### [Data records]
——————

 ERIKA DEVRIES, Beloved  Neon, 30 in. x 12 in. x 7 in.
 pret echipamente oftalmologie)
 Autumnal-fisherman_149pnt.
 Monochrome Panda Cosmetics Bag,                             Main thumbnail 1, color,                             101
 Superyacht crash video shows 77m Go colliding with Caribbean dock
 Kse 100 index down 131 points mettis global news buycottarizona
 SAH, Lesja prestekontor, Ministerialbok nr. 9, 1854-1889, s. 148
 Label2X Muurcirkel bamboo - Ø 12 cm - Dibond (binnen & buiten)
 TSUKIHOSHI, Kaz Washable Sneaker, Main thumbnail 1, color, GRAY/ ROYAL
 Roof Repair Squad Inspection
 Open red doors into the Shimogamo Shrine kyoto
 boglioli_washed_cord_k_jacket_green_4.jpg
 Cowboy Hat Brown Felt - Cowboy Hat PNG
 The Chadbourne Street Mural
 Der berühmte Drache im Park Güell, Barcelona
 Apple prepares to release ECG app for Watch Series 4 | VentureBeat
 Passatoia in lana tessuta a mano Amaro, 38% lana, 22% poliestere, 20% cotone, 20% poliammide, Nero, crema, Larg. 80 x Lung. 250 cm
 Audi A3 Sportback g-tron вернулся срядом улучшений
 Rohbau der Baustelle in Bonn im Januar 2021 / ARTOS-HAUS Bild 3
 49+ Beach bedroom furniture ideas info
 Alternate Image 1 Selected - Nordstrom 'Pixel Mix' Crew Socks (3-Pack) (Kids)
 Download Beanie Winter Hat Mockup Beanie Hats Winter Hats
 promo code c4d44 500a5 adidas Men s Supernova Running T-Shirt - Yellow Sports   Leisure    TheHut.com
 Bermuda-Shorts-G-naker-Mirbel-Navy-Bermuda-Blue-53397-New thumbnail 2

——————

All of the records need to be transcribed exactly.

 ERIKA DEVRIES, Beloved  Neon, 30 in. x 12 in. x 7 in.
 pret echipamente oftalmologie)
 Autumnal-fisherman_149pnt.
 Monochrome Panda Cosmetics Bag,                             Main thumbnail 1, color,                             101
 Superyacht crash video shows 77m Go colliding with Caribbean dock
 Kse 100 index down 131 points mettis global news buycottarizona
 SAH, Lesja prestekontor, Ministerialbok nr. 9, 1854-1889, s. 148
 Label2X Muurcirkel bamboo - Ø 12 cm - Dibond (binnen & buiten)
 TSUKIHOSHI, Kaz Washable Sneaker, Main thumbnail 1, color, GRAY/ ROYAL
 Roof Repair Squad Inspection
 Open red doors into the Shimogamo Shrine kyoto
 boglioli_washed_cord_k_jacket_green_4.jpg
 Cowboy Hat Brown Felt - Cowboy Hat PNG
 The Chadbourne Street Mural
 Der berühmte Drache im Park Güell, Barcelona
 Apple prepares to release ECG app for Watch Series 4 | VentureBeat
 Passatoia in lana tessuta a mano Amaro, 38% lana, 22% poliestere, 20% cotone, 20% poliammide, Nero, crema, Larg. 80 x Lung. 250 cm
 Audi A3 Sportback g-tron вернулся срядом улучшений
 Rohbau der Baustelle in Bonn im Januar 2021 / ARTOS-HAUS Bild 3
 49+ Beach bedroom furniture ideas info
 Alternate Image 1 Selected - Nordstrom 'Pixel Mix' Crew Socks (3-Pack) (Kids)
 Download Beanie Winter Hat Mockup Beanie Hats Winter Hats
 promo code c4d44 500a5 adidas Men s Supernova Running T-Shirt - Yellow Sports   Leisure    TheHut.com
 Bermuda-Shorts-G-naker-Mirbel-Navy-Bermuda-Blue-53397-New thumbnail 2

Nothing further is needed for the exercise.